Whoever still wants to view the creation and usage of the Even in code, can open up the sync.cpp file under the SSCLI's implementation, and see how a call to CLREvent::CreateMonitorEvent triggers a call to UnsafeCreateEvent (that actually is a typedef to the familiar CreateEvent function).

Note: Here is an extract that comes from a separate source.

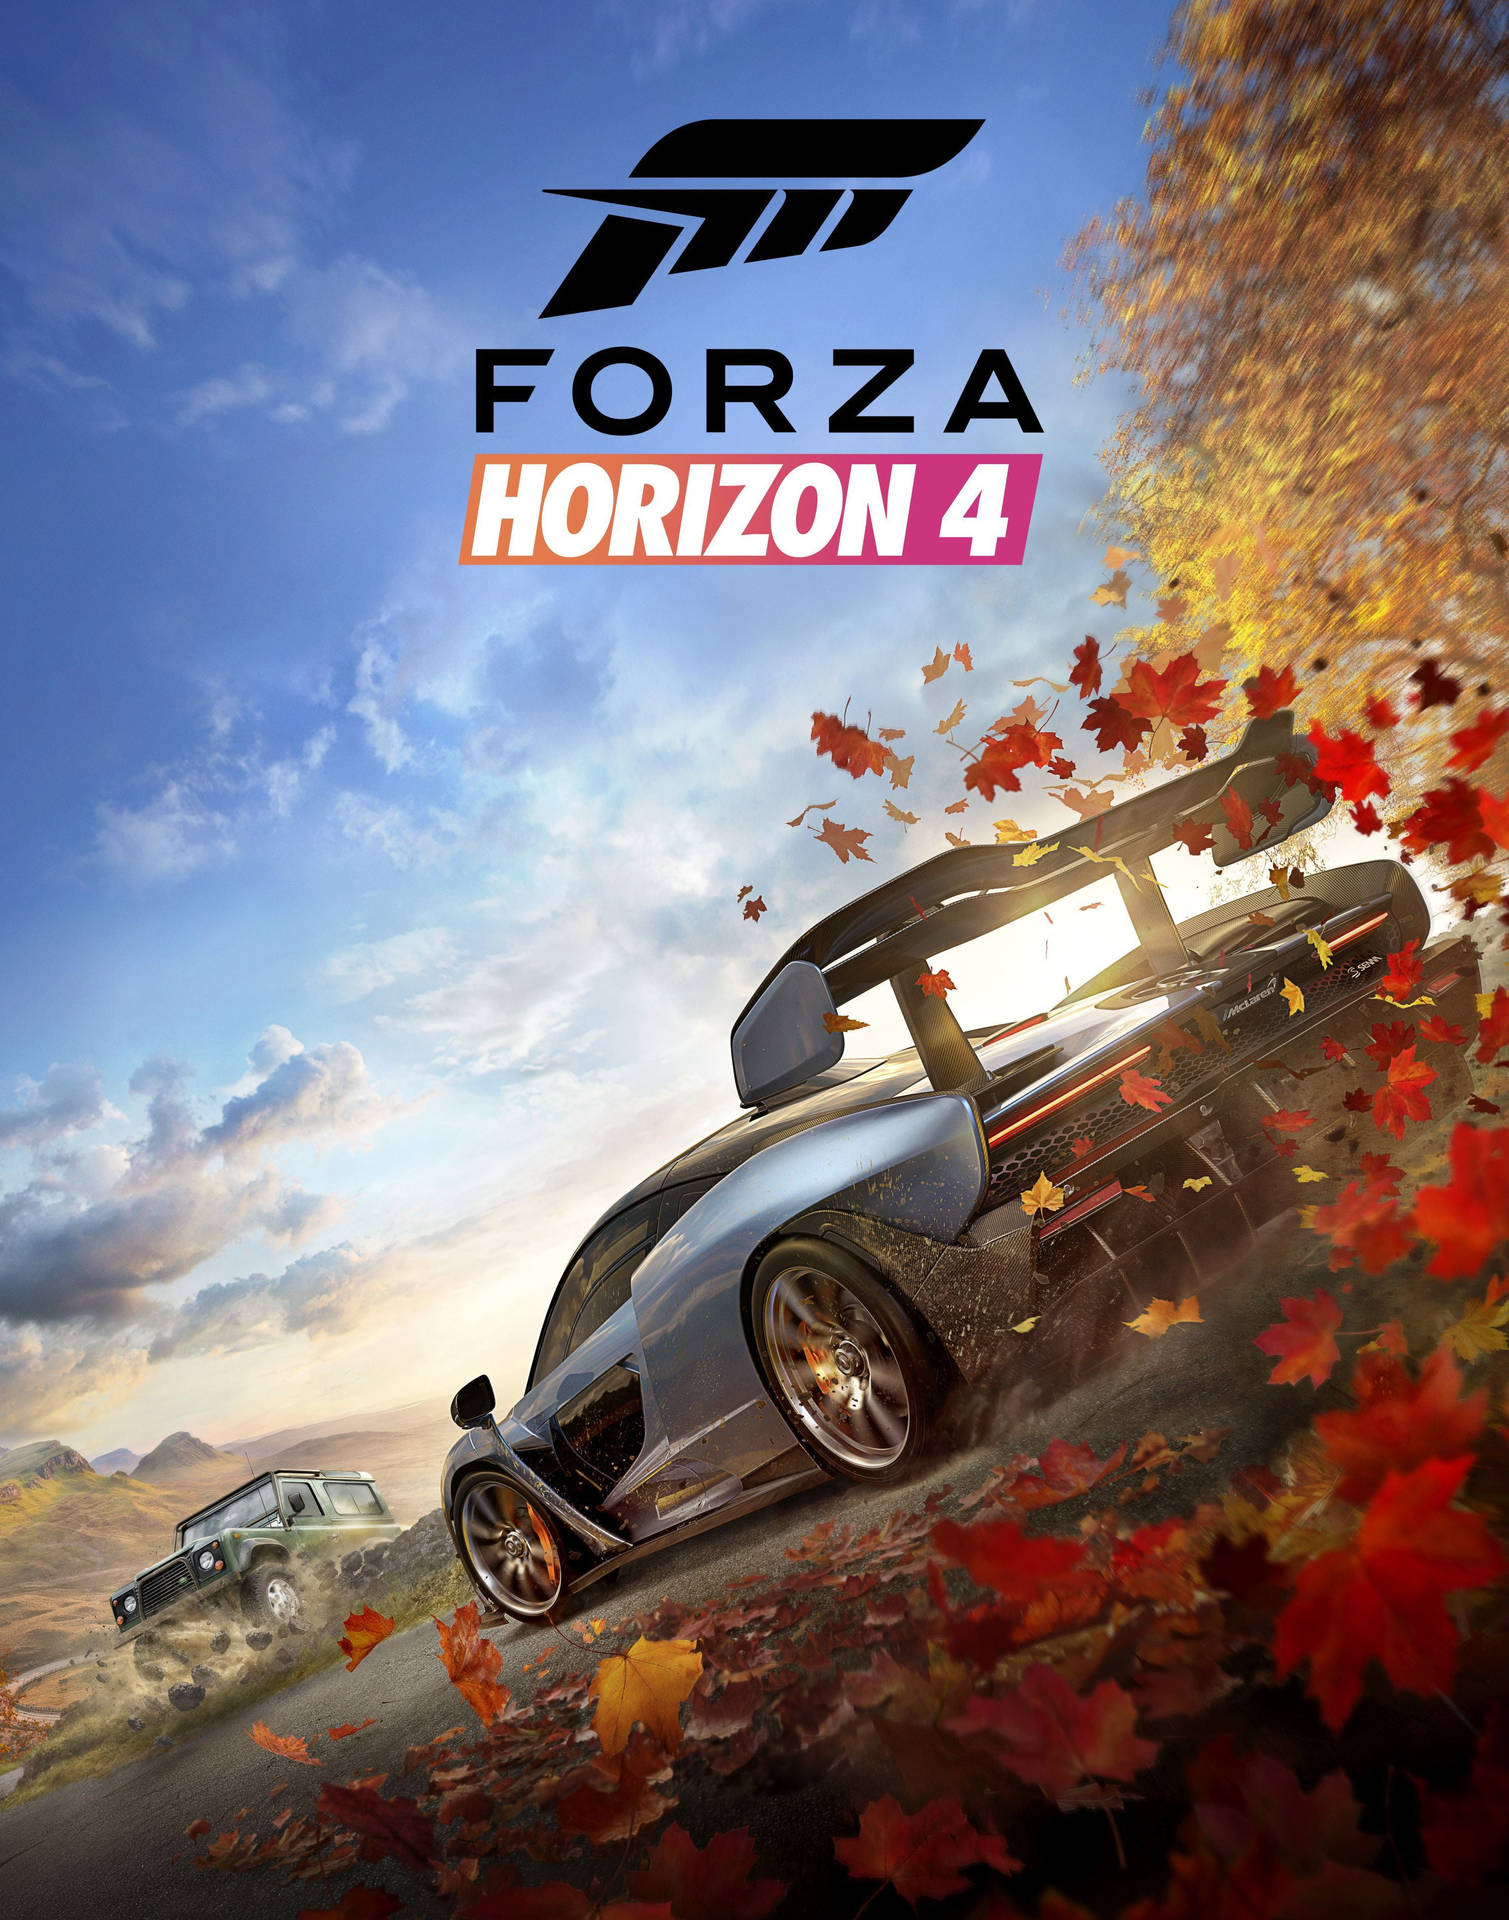 Top 999+ Forza Horizon 4 Wallpaper Full HD, 4K✅Free to Use

Even so, one have to remember that this is only a partial answer. Since as I've mentioned at the beginning of this post, there's no guarantee that once we'll call Monitor.Enter we will always find ourselves accessing some kernel object. In fact, in one of his posts, Joe Duffy makes sure to mention that in the CLR's implementation, when a thread encounters contention, it will attempt to spin a little before re-trying to acquire the lock, without leaving the user-mode and waiting for some kernel object. So even if the CLR doesn't give a full blown implementation of a synchronization primitive, it may still provide some optimizations over the supplied services of the operating system (much like the CriticalSection type).